The pictures are to be left out when the listing below is reproduced word for word.

_THE DATA:_
+ + + + + + +

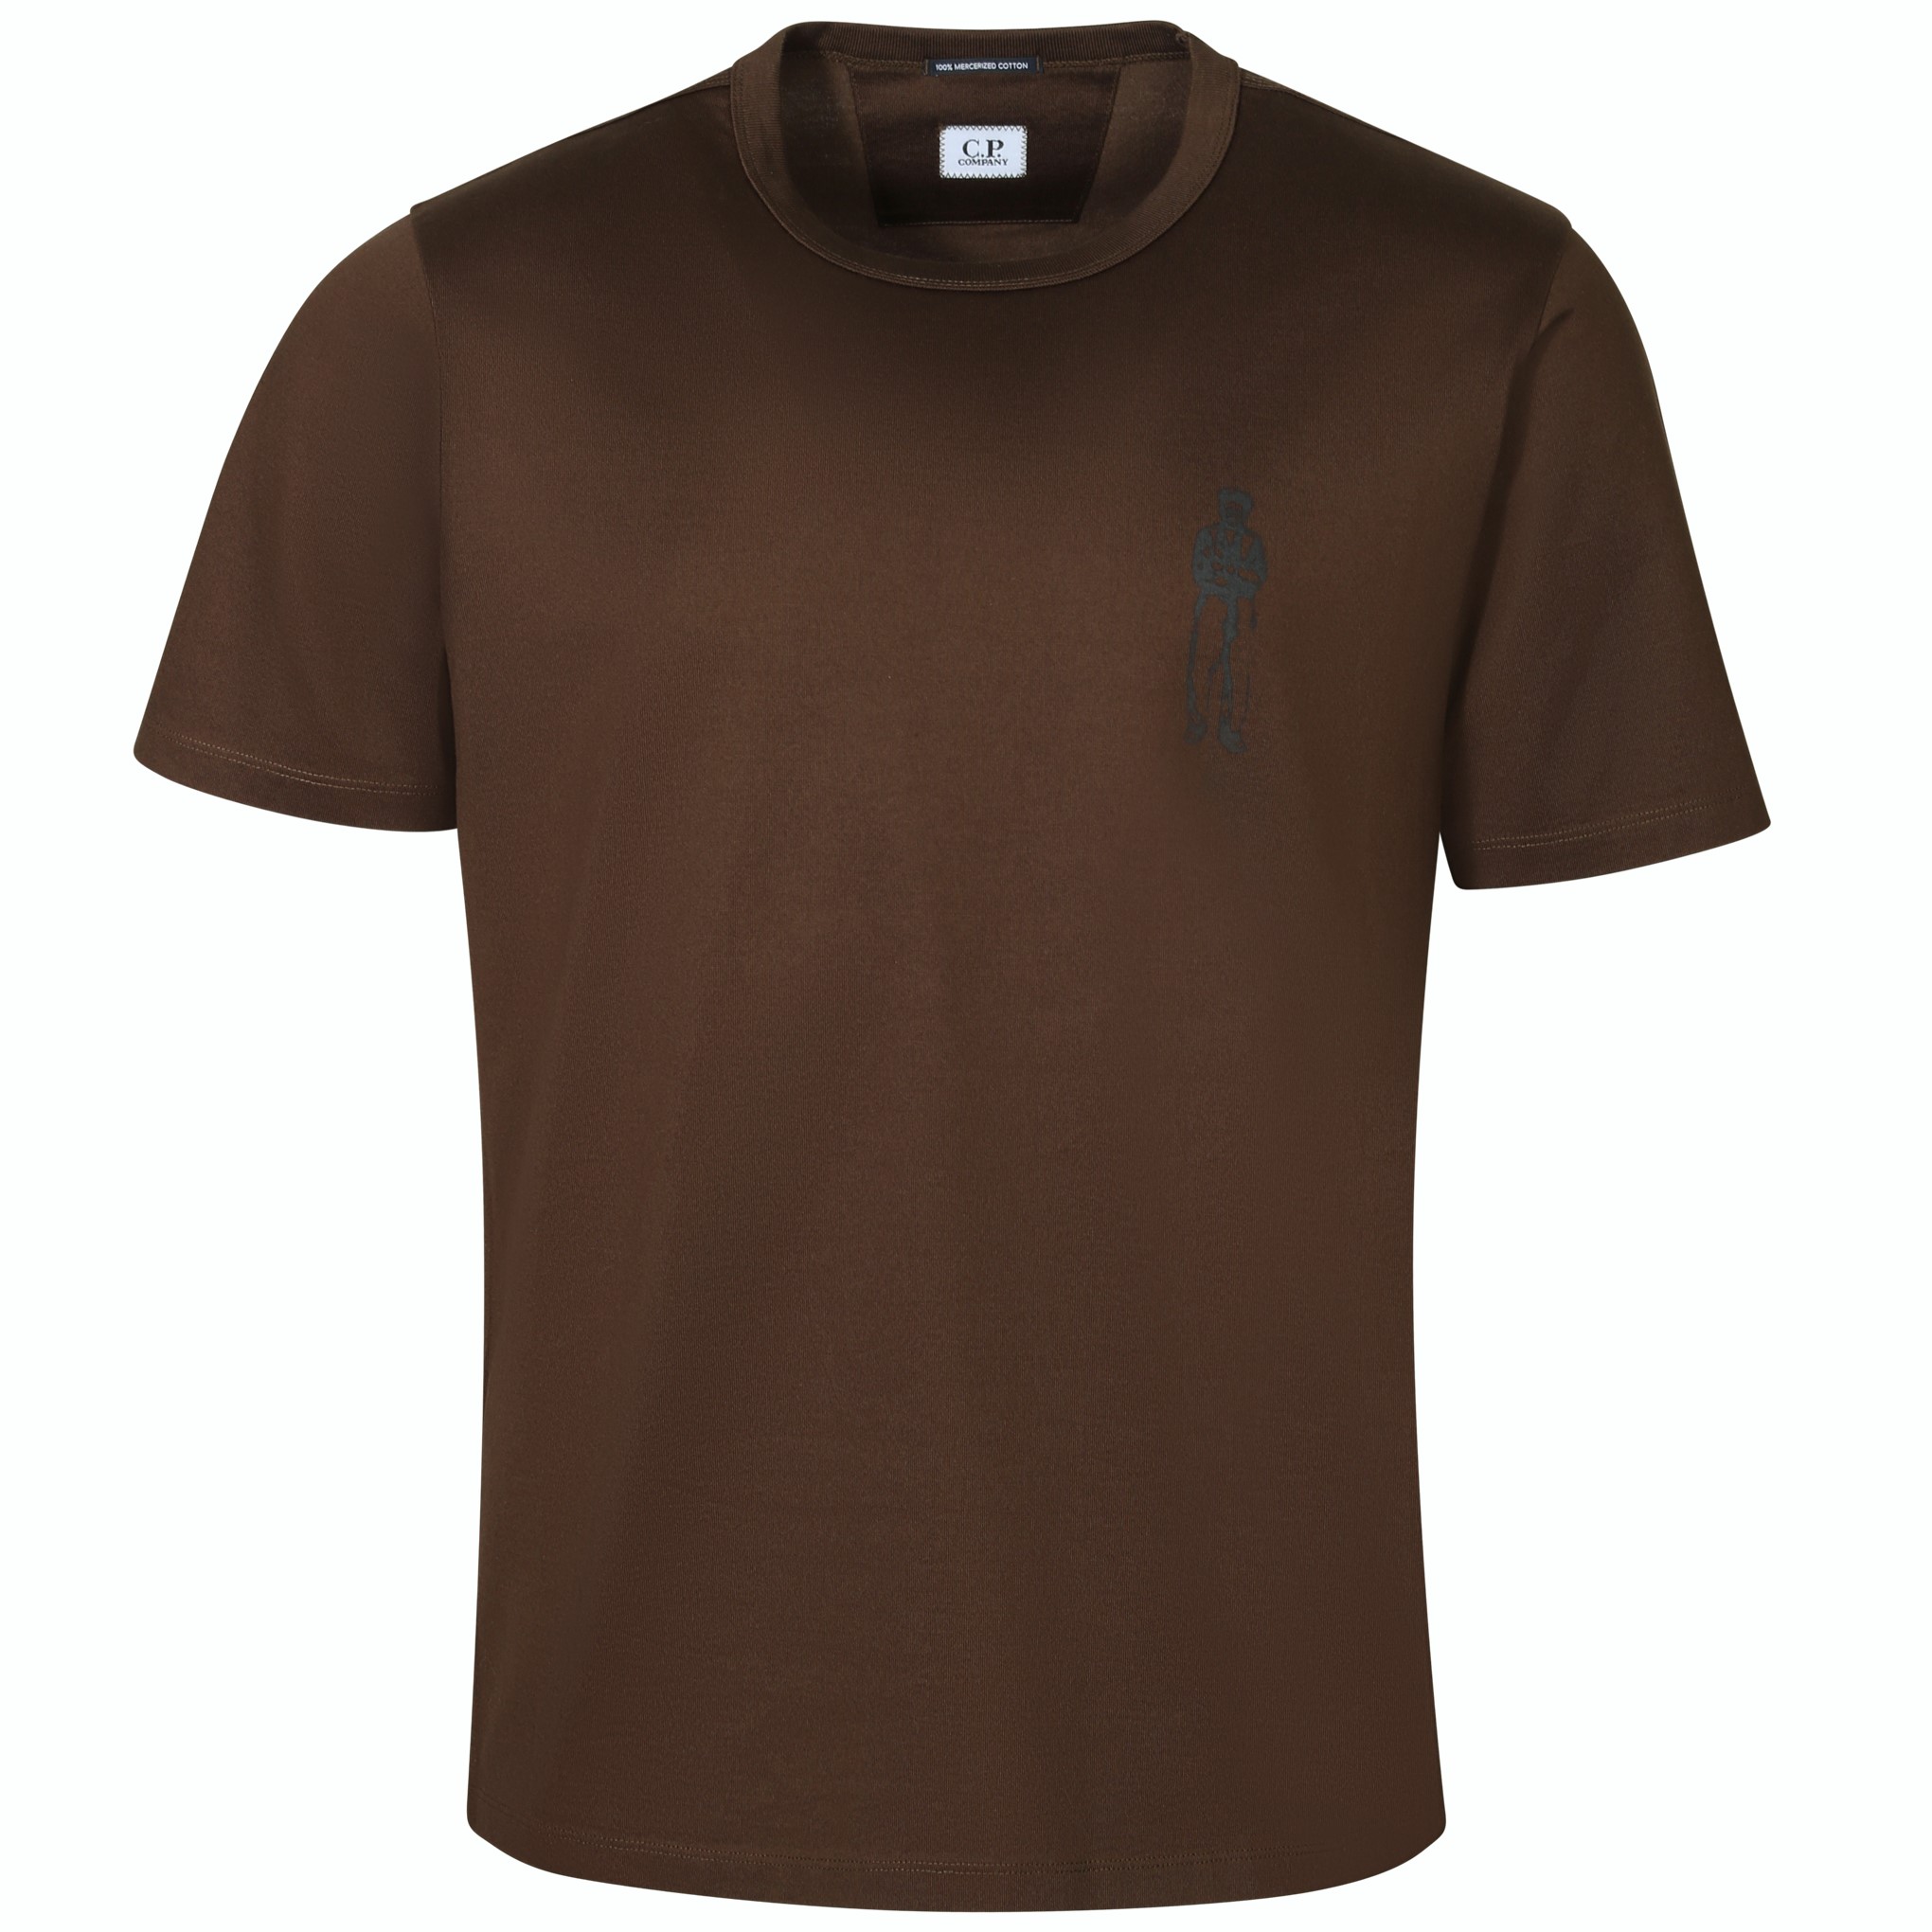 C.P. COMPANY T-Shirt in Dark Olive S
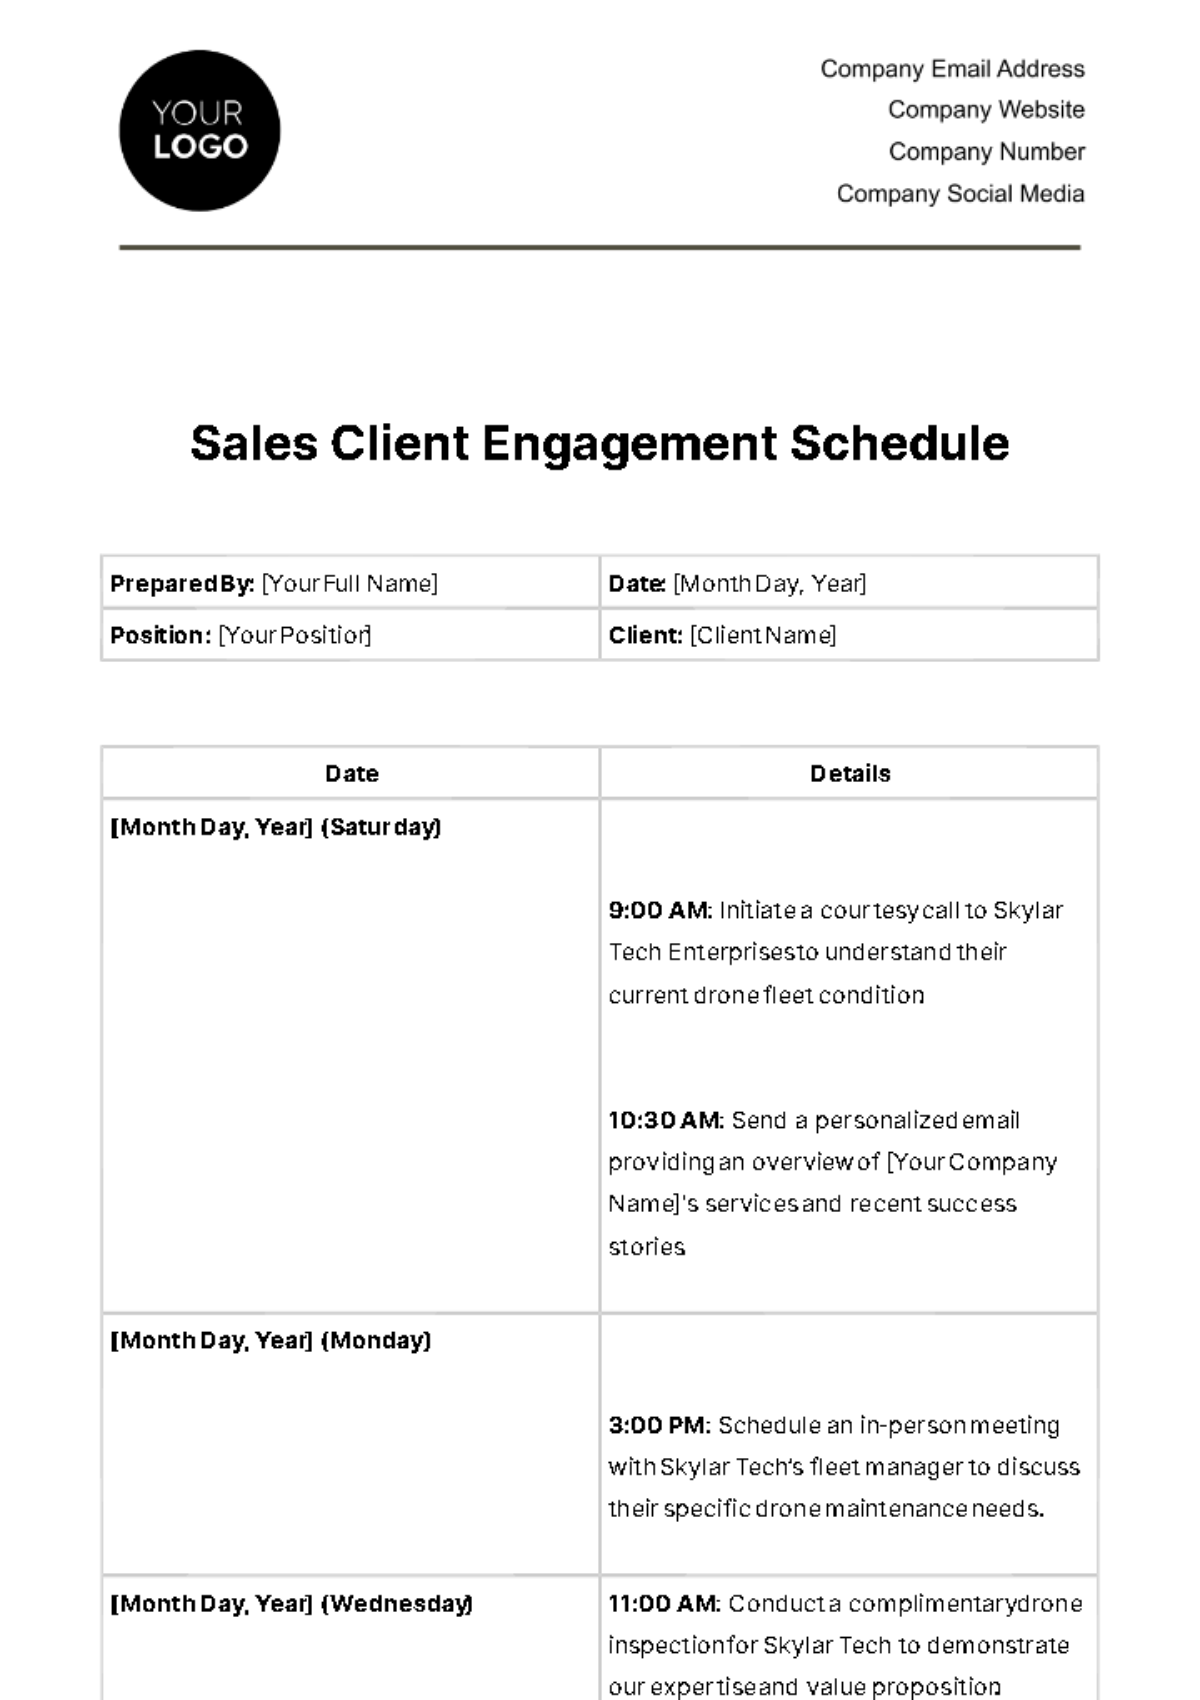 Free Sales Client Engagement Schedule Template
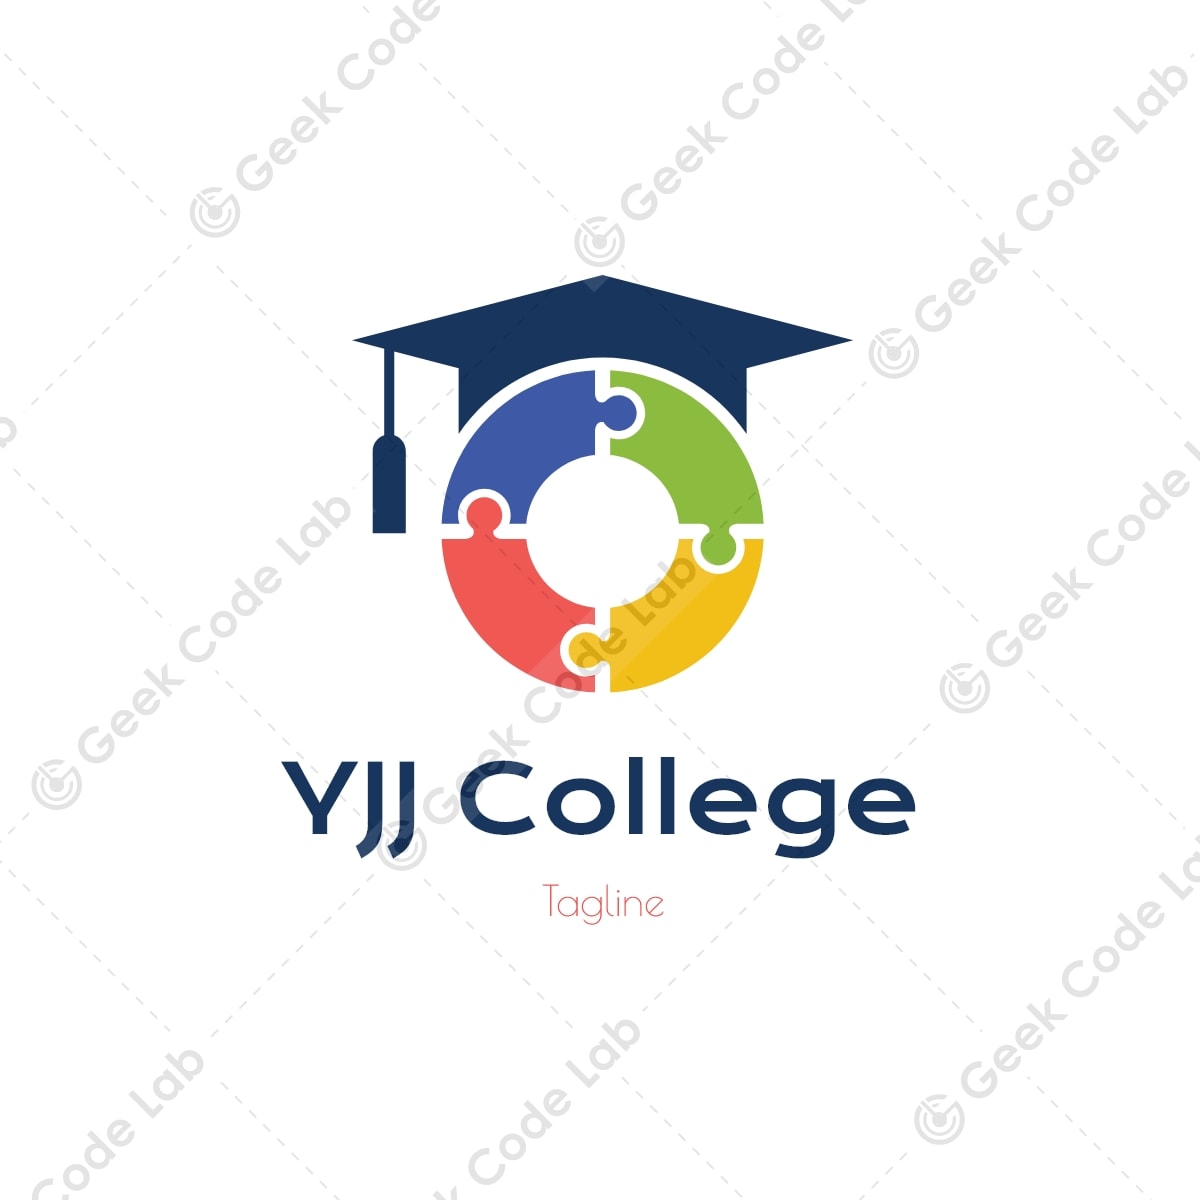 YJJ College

+ + + + + + +

_TASK SOLUTION:_
 C.P. COMPANY T-Shirt in Dark Olive S
 Free Sales Client Engagement Schedule Template
 YJJ College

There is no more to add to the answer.